──────── SOURCE INFORMATION ────────

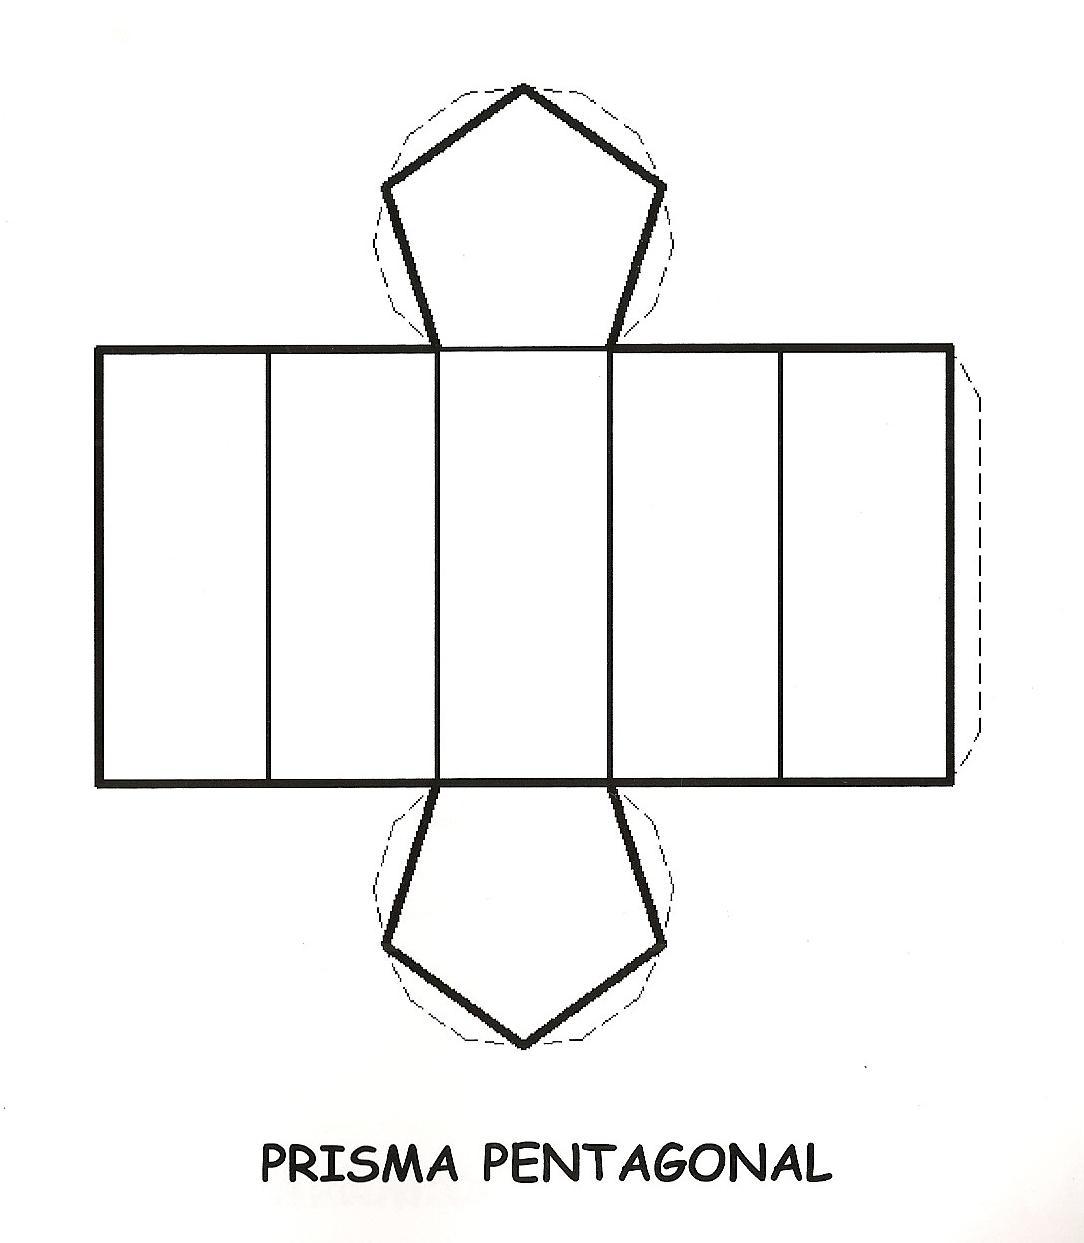 prisma hexagonal para recortar y armar imagui
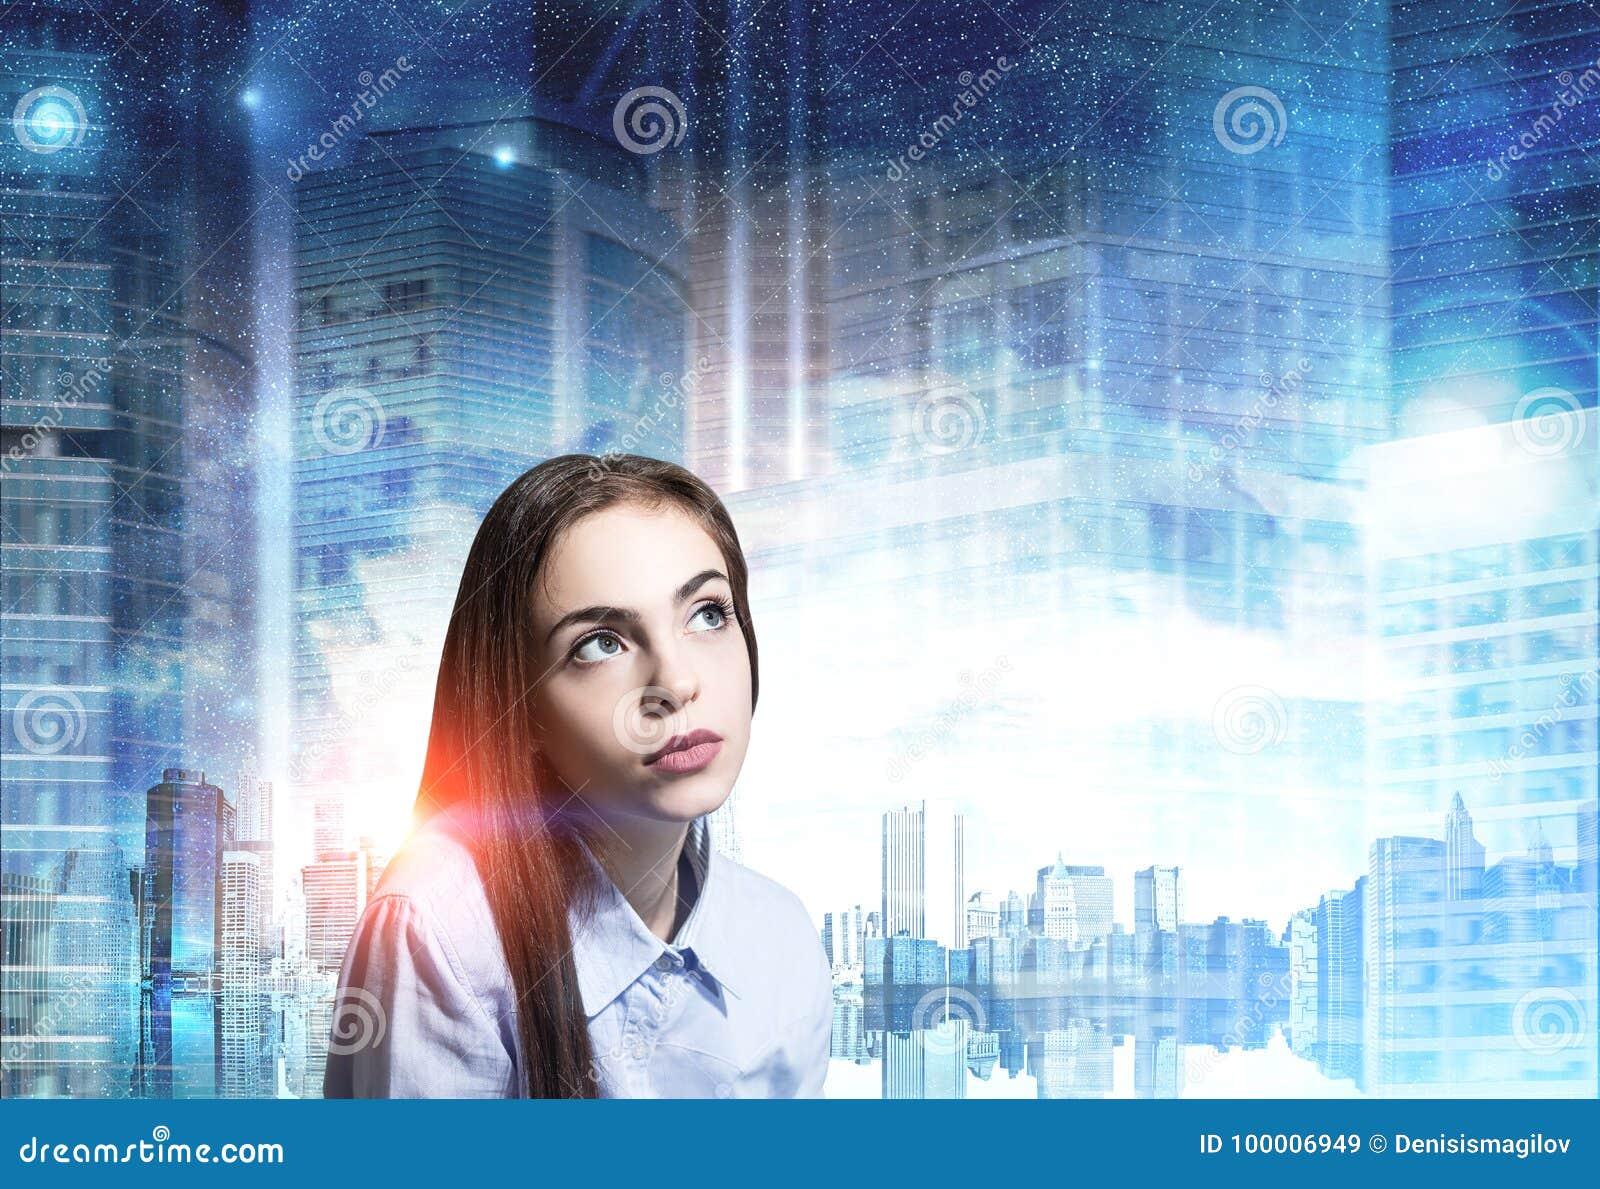 Stäng sig upp av en drömlik ung kvinna, blå stad
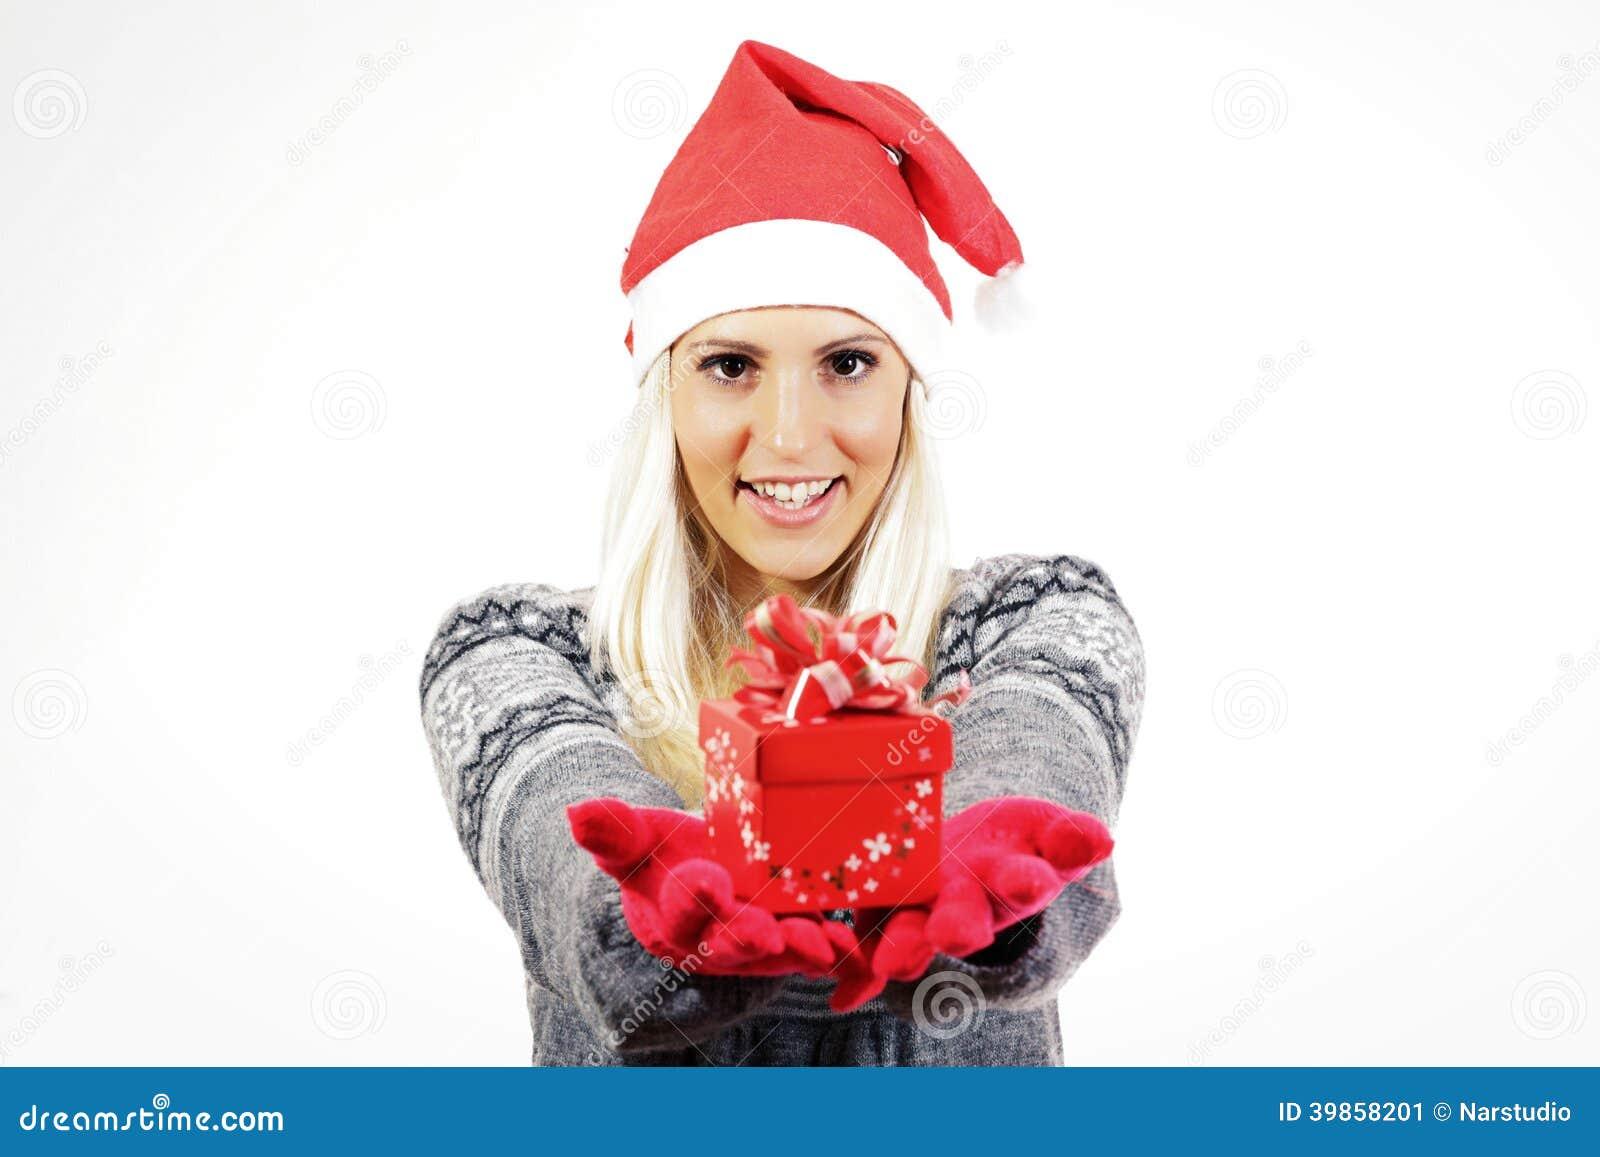 Χαριτωμένο νέο κορίτσι με το καπέλο Άγιου Βασίλη, που κρατά ένα παρόν
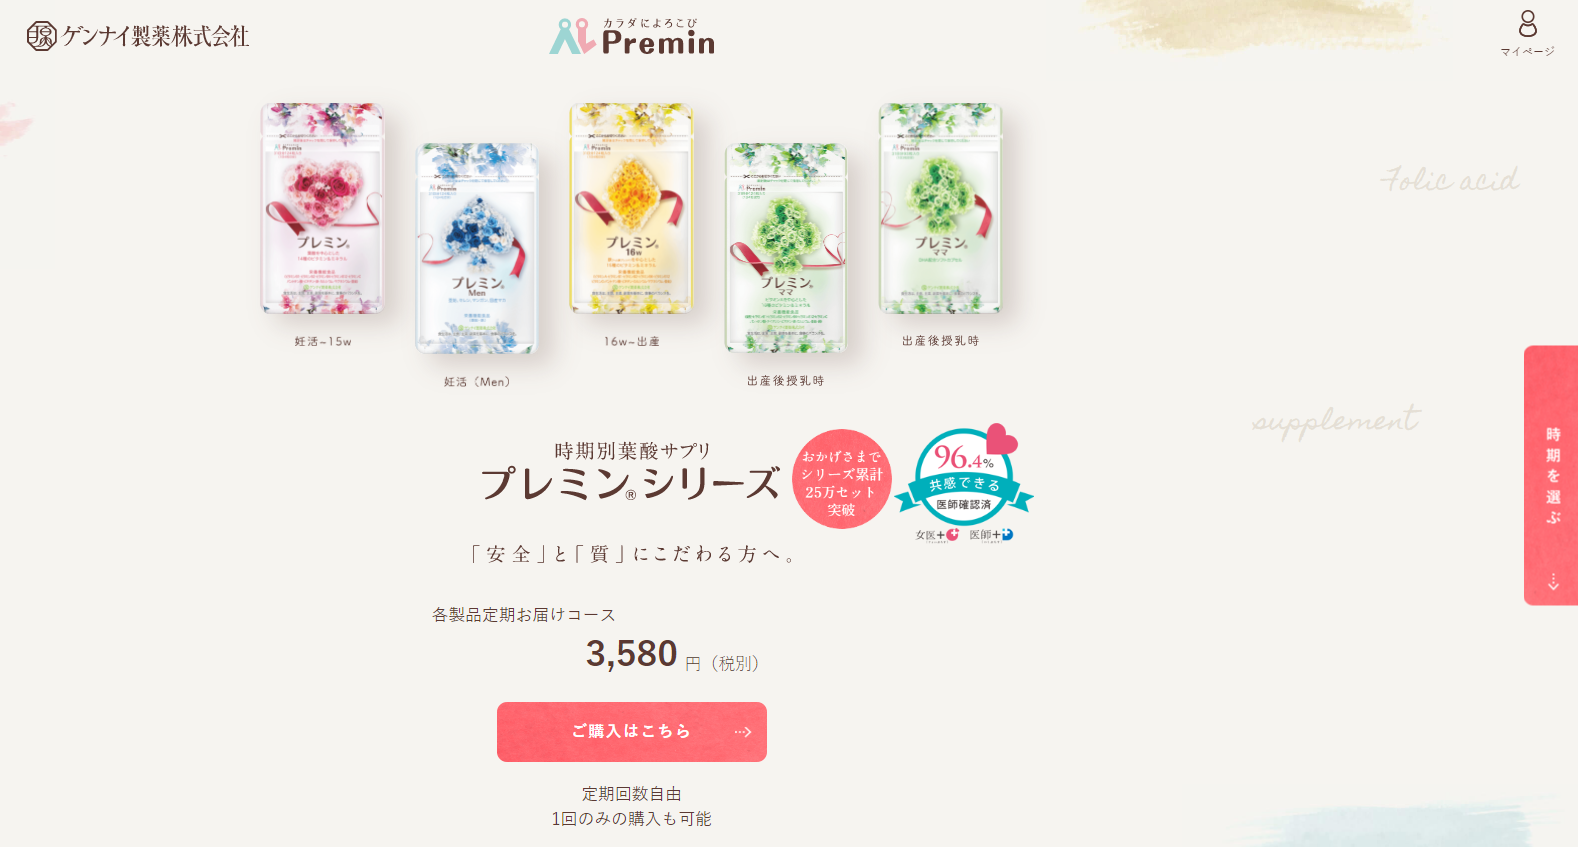 「プレミン」公式サイトトップ画面
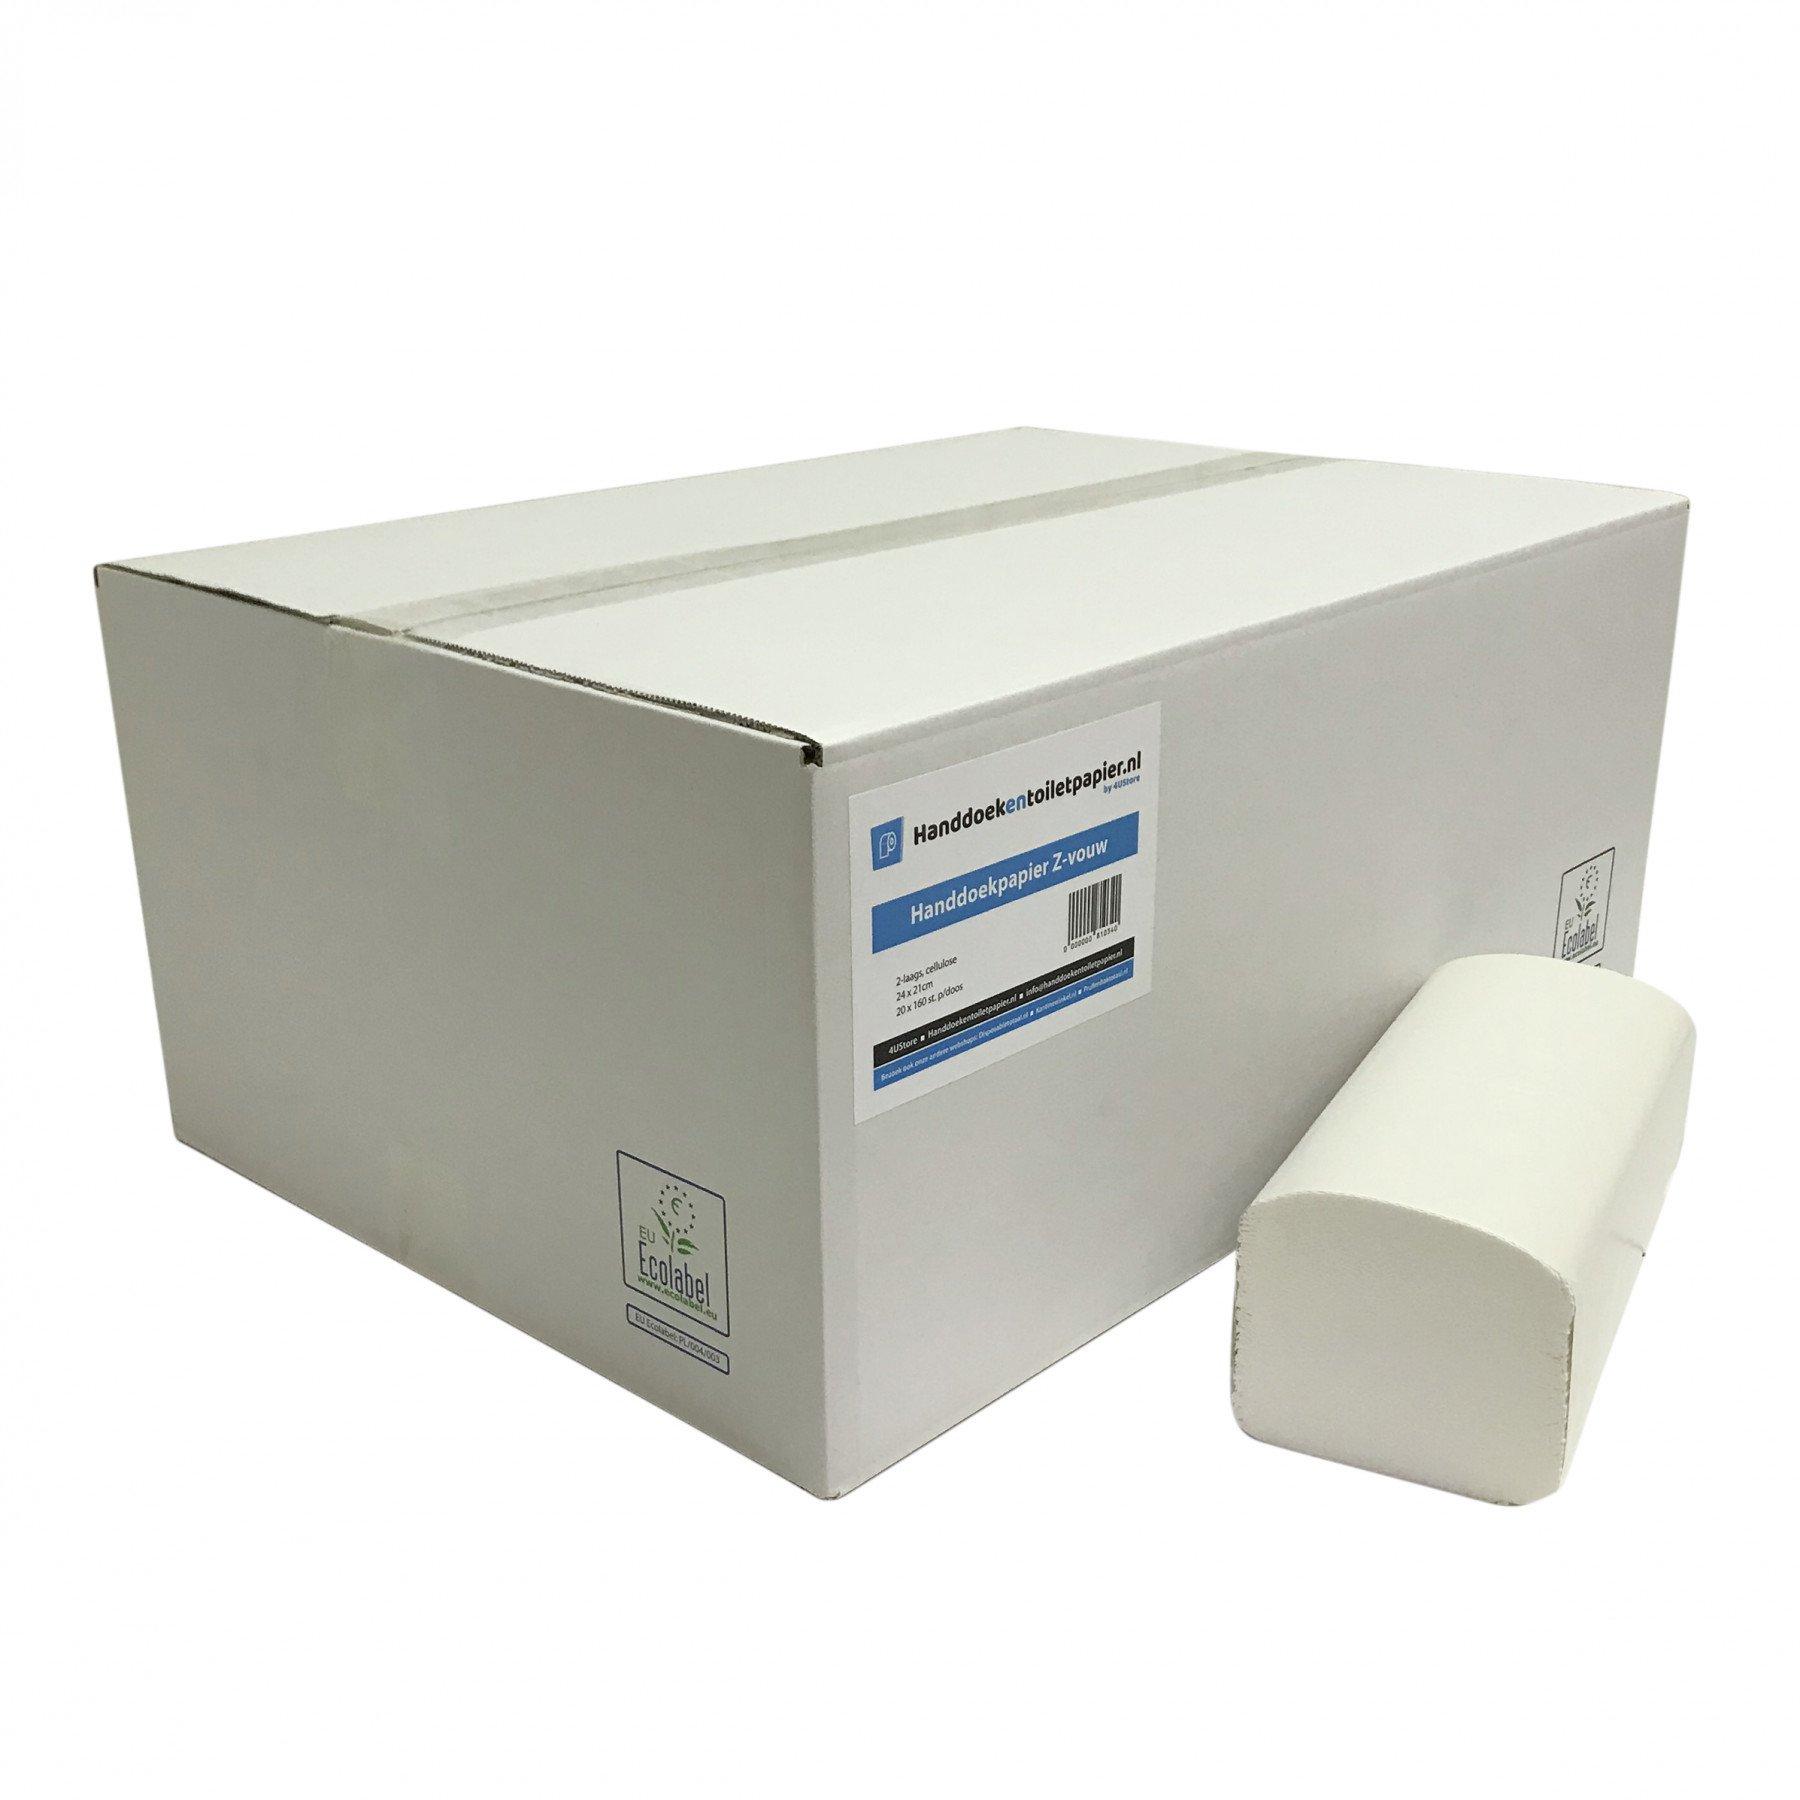 4UStore Z-vouwhanddoekjes cellulose 2-laags 21 x 25 cm 3200 stuks

────────

(ACTIVITY)
Your answer should be an exact copy of the entries above, with no images included.

(THE ANSWER)
 prisma hexagonal para recortar y armar imagui
 Stäng sig upp av en drömlik ung kvinna, blå stad
 Χαριτωμένο νέο κορίτσι με το καπέλο Άγιου Βασίλη, που κρατά ένα παρόν
 「プレミン」公式サイトトップ画面
 4UStore Z-vouwhanddoekjes cellulose 2-laags 21 x 25 cm 3200 stuks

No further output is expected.